To gain further insights into the structural determinants of Sin1-KRAS interaction, we solved the crystal structure of this complex. In the structure, the KRAS-Sin1 RBD interaction interface resembles the RAS-RAF1 RBD interaction interface18, where the RBD mainly interacts with the KRAS switch-I region.  Based on the protein-protein interaction interface observed in the KRAS-Sin1 RBD structure, we generated Sin1 mutants that were likely to disrupt the interaction between Sin1 and KRAS4AGTP, so that we can use them to elucidate the biological function of this interaction in cells. To our surprise, all the mutations in the Sin1 RBD did not affect the interaction in cells. In fact, deletion of the Sin1 RBD yielded a mutant that was still able to partially bind KRAS4AGTP in cells. We hypothesized that Sin1 contains an alternative RAS binding motif that has not been previously reported. To identify such a domain, we decided to undertake an unbiased approach using a technique that we had previously developed termed DoMY-Seq19. DoMY-Seq is a modified yeast two-hybrid technique that uses a saturated library of overlapping cDNA fragments from a protein of interest that are used as prey.
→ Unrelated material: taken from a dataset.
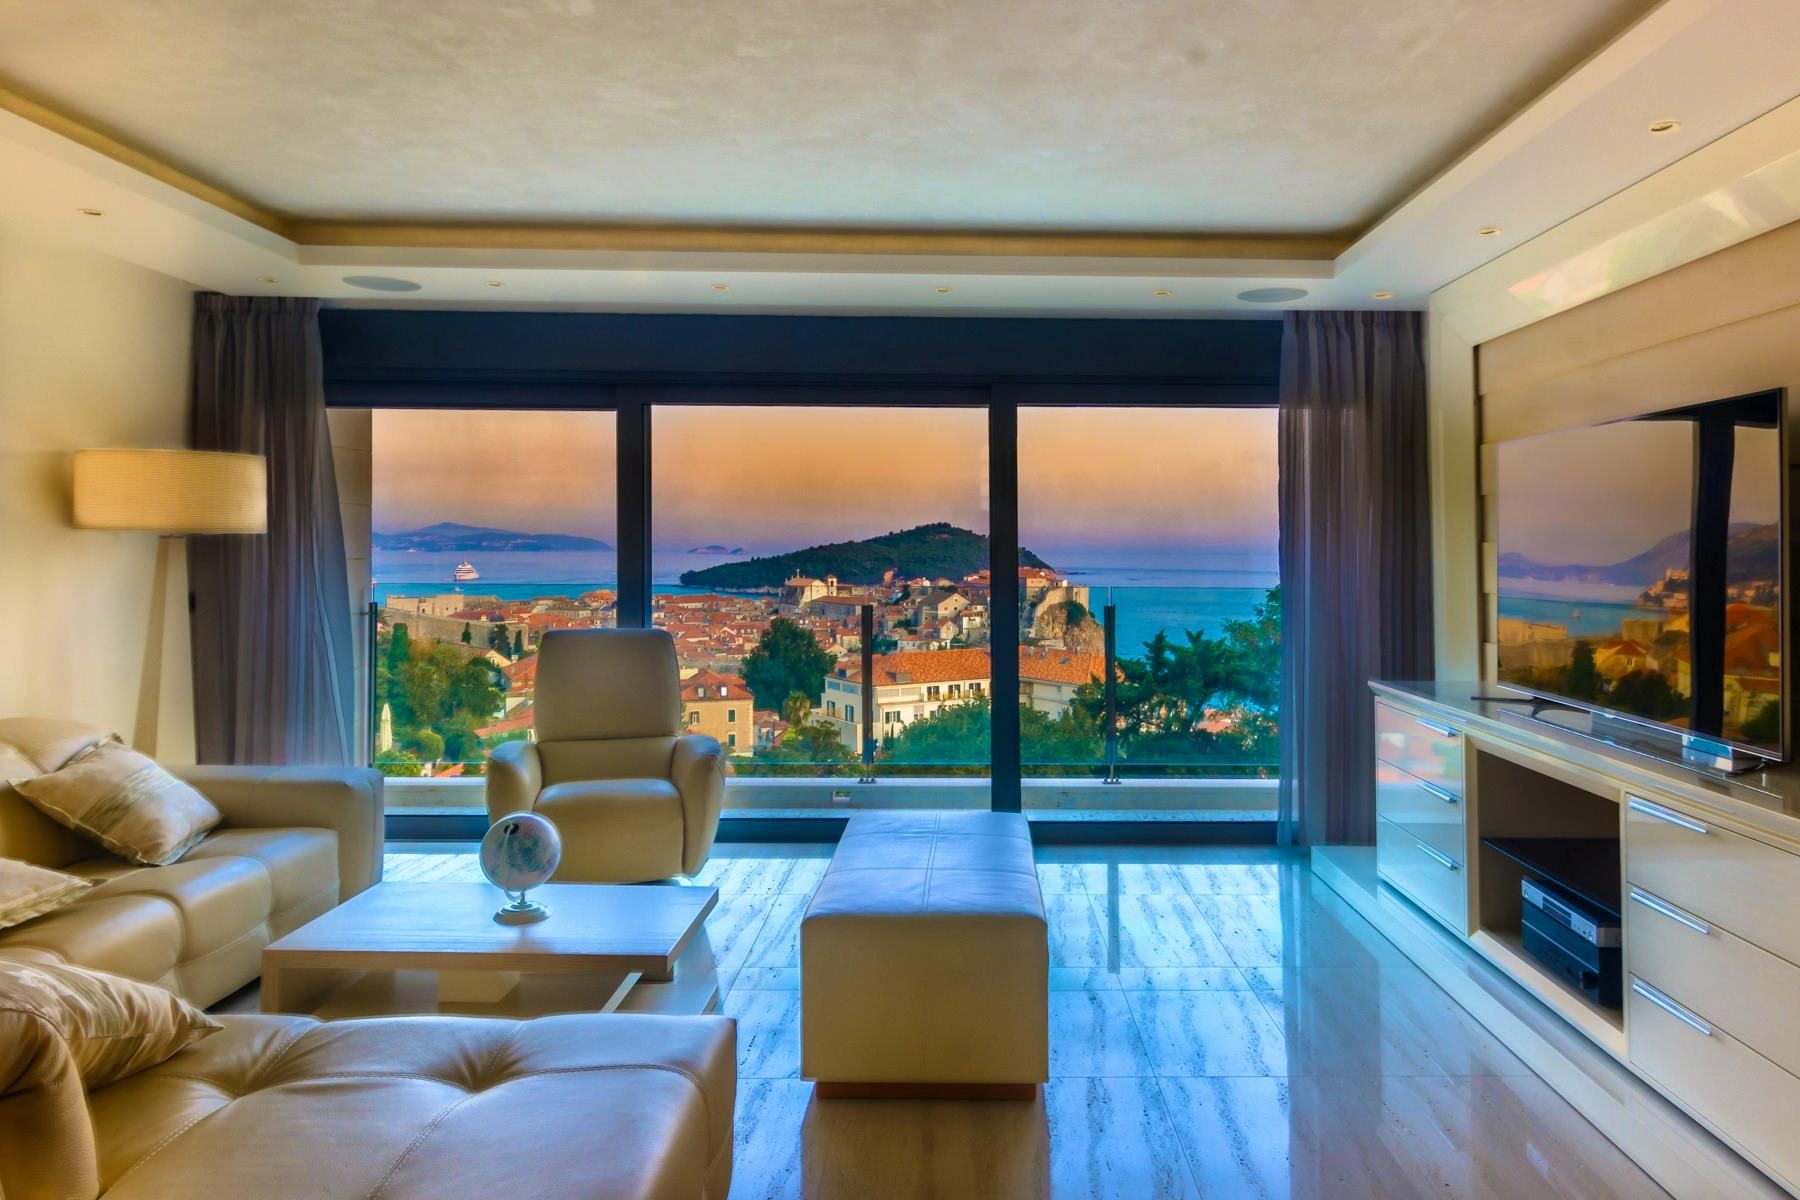 Spectacular views from the living room
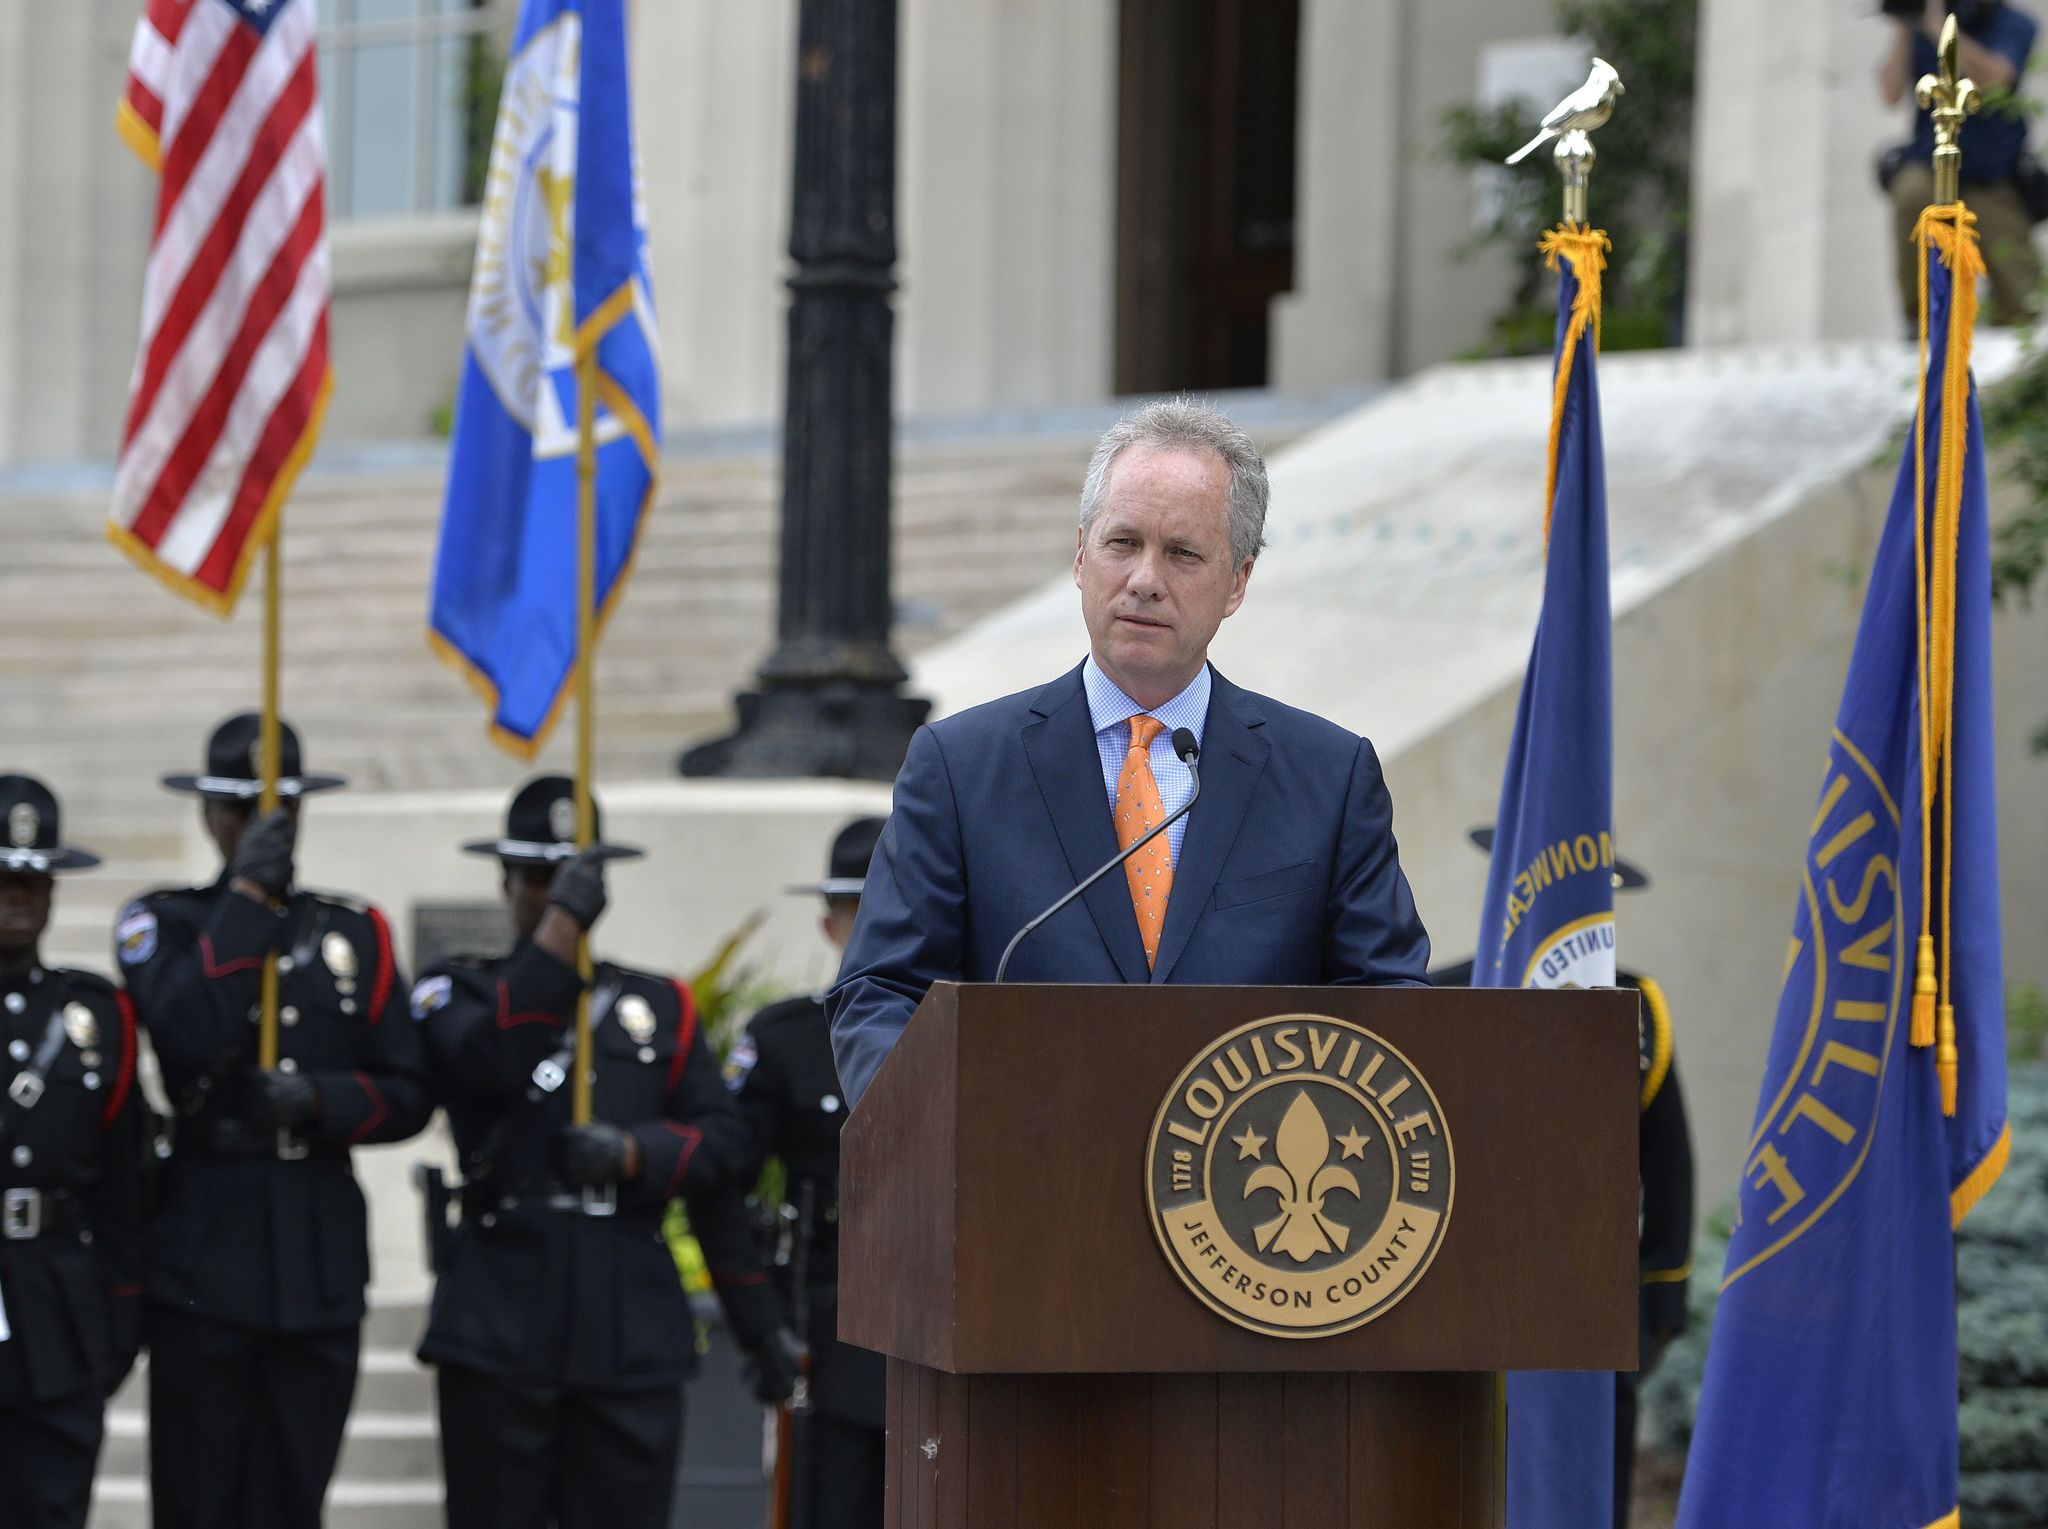 With the Metro Police Color Guard standing at attention, Louisville Mayor Greg Fisher addresses a gathering of supporters and mourners of Muhammad Ali from the steps of the Louisville City Hall on Saturday in Louisville Kentucky.

Those fragments that interact with the bait can be identified with next-generation sequencing and determine the interacting motif with resolution at the amino acid level. Using this approach, we discovered that the KRAS4A interacting motif of Sin1 did not only include the classical RBD; instead, it also included part of the PH domain that was predicted to fold as an alpha-helix and that we termed the atypical RBD (aRBD). Consistent with these findings, we showed that, in cells, a Sin1 mutant lacking this aRBD was unable to bind KRAS4AGTP. To better understand how this domain mediated interaction with KRAS, we decided to solve the crystal structure of the complex using the Sin1 RBD-PH domain. Interestingly, in the KRAS/Sin1 RBD-PH complex structure, residues located at the N-terminal end of the PH domain interact extensively with the switch II region of KRAS. Overall, our structural work showed that the switch I and II regions of KRAS interact with the RBD and PH domains of Sin1, respectively. The interaction interface formed by the KRAS switch II region in the KRAS/Sin1 RBD-PH complex is much more extensive than any other RAS-effector complexes characterized so far (Figure 1).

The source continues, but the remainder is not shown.